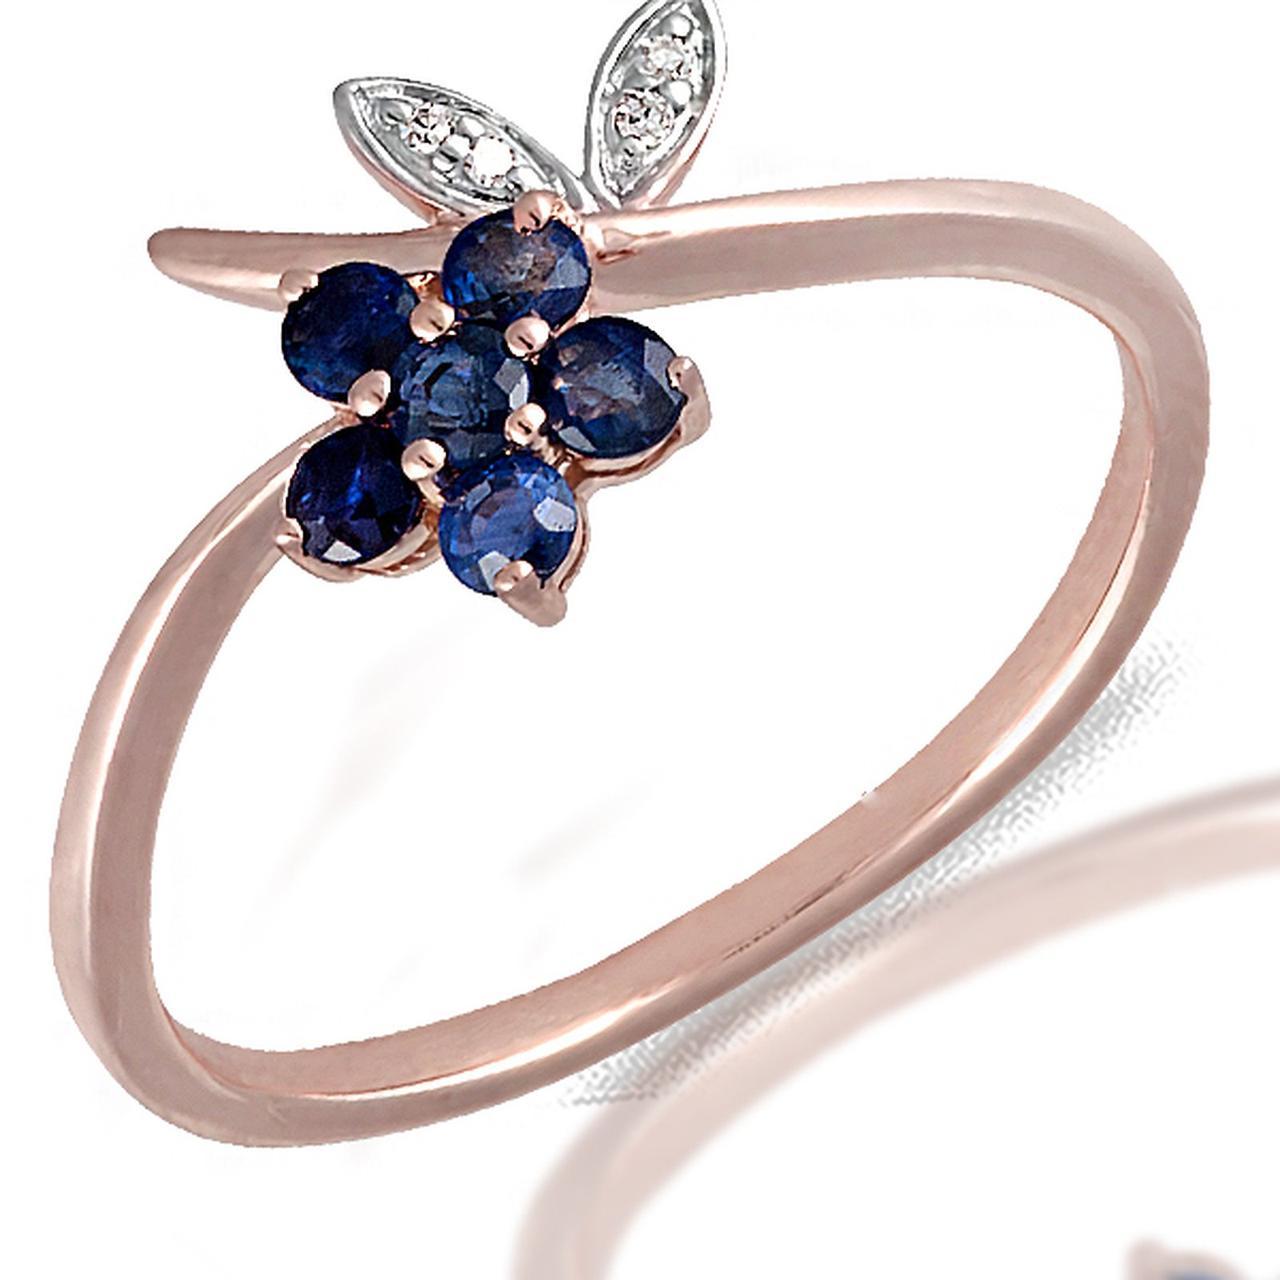 Золотое кольцо с бриллиантами и сапфирами, размер 16 (056623)
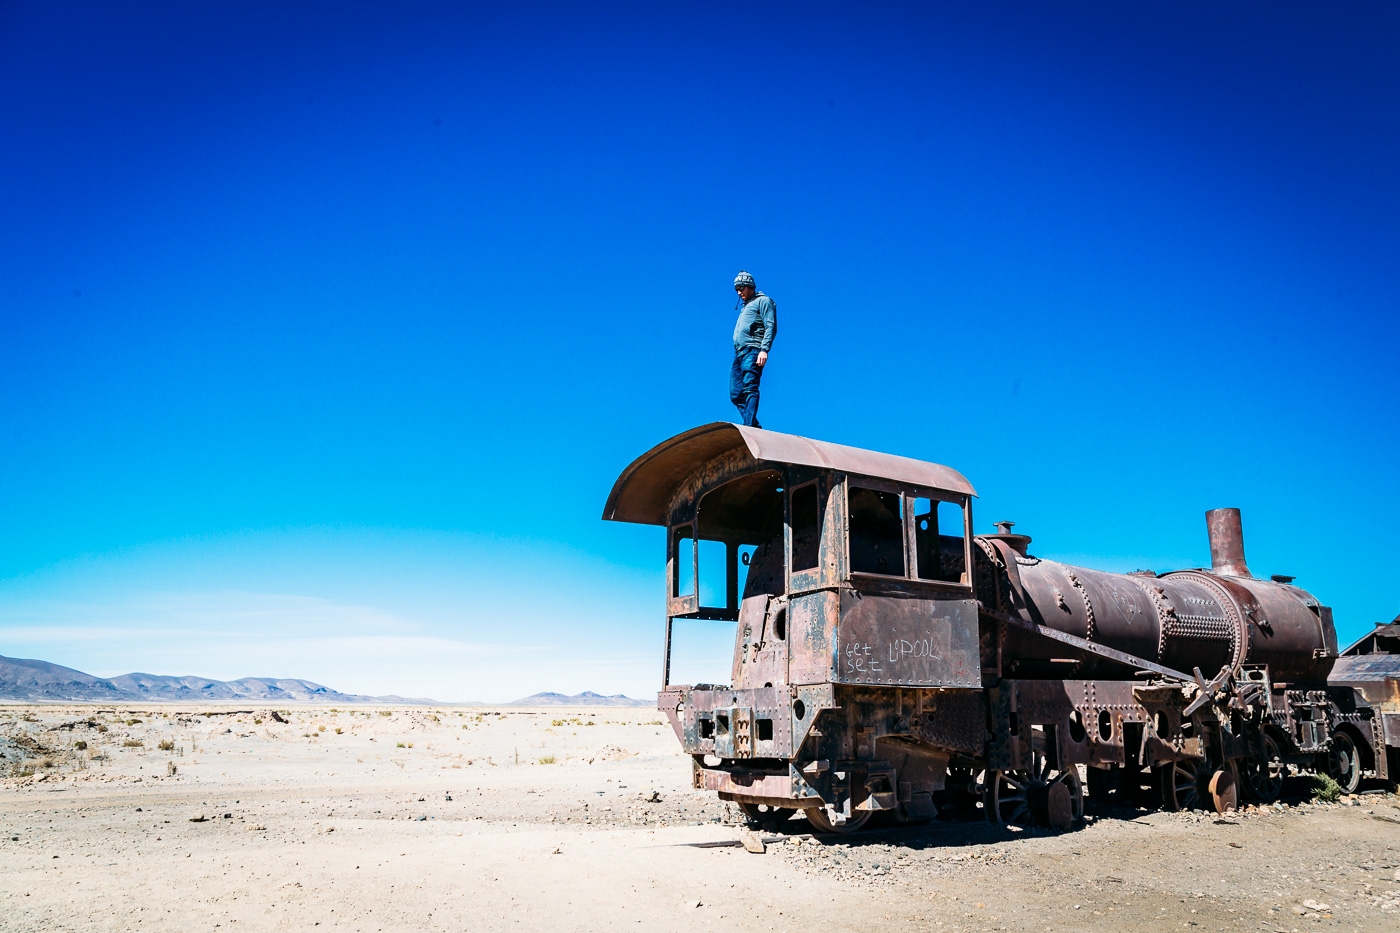 Railroad Cemetary, Salar de Uyuni, Bolivia July 2015
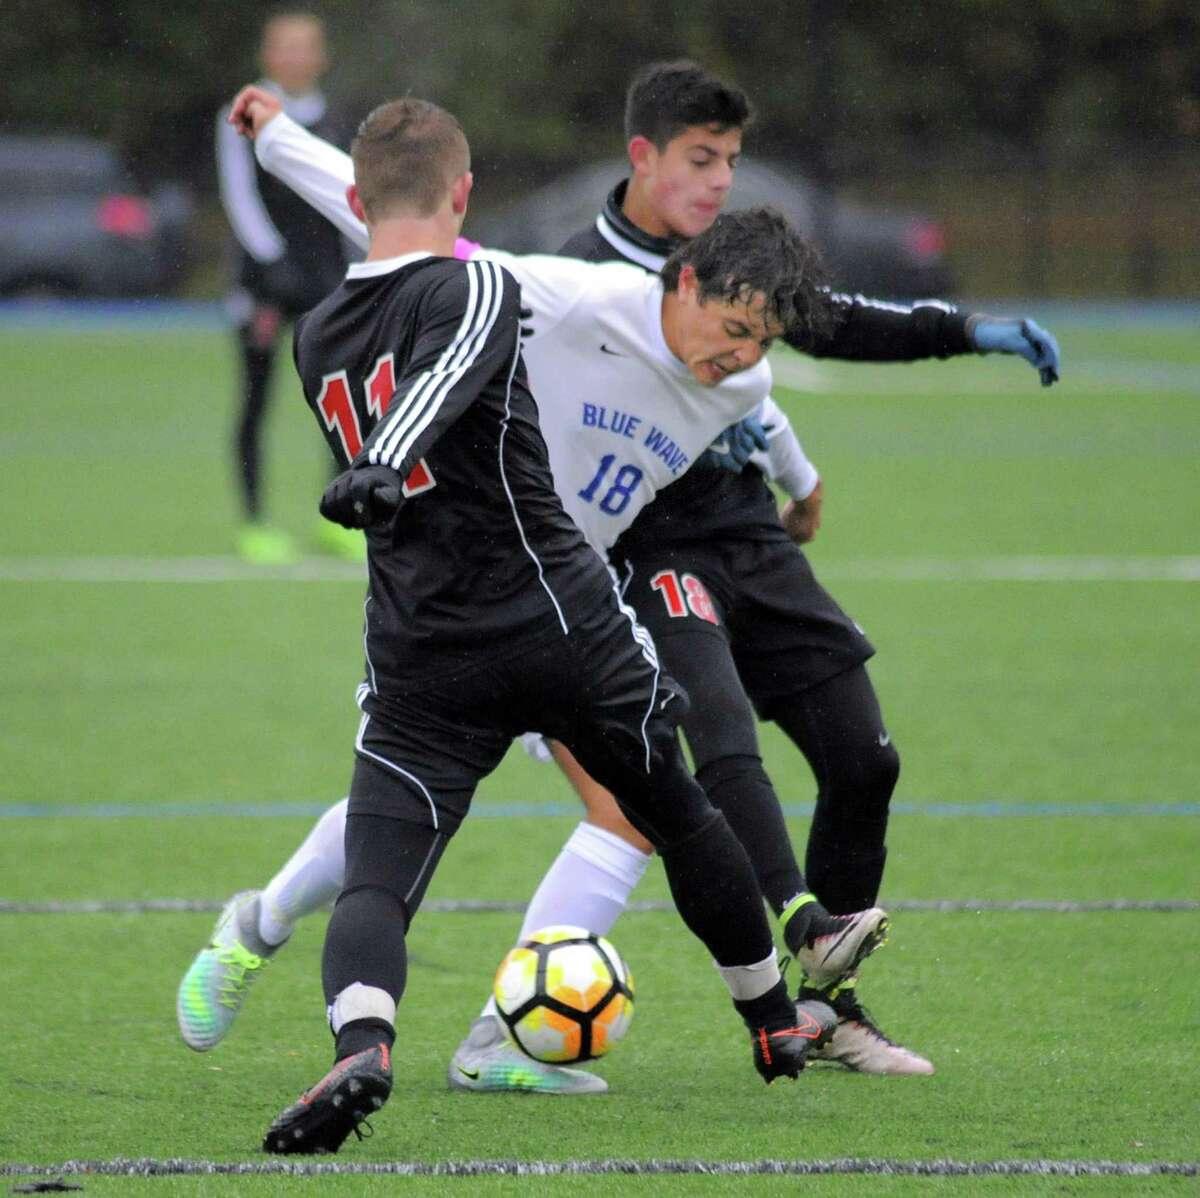 Darien Pablo Martinez splits Fairfield Warde defenders David Harvey and Lucas Montero in a FCIAC Boys Soccer Quarterfinal game in Darien, Conn. on Thursday, Oct. 27, 2016.

◆ **Work order**: Reproduce the material above in full and without alteration, but skip all pictures.

◆ **Solution below**:
 Золотое кольцо с бриллиантами и сапфирами, размер 16 (056623)
 Railroad Cemetary, Salar de Uyuni, Bolivia July 2015
 Darien Pablo Martinez splits Fairfield Warde defenders David Harvey and Lucas Montero in a FCIAC Boys Soccer Quarterfinal game in Darien, Conn. on Thursday, Oct. 27, 2016.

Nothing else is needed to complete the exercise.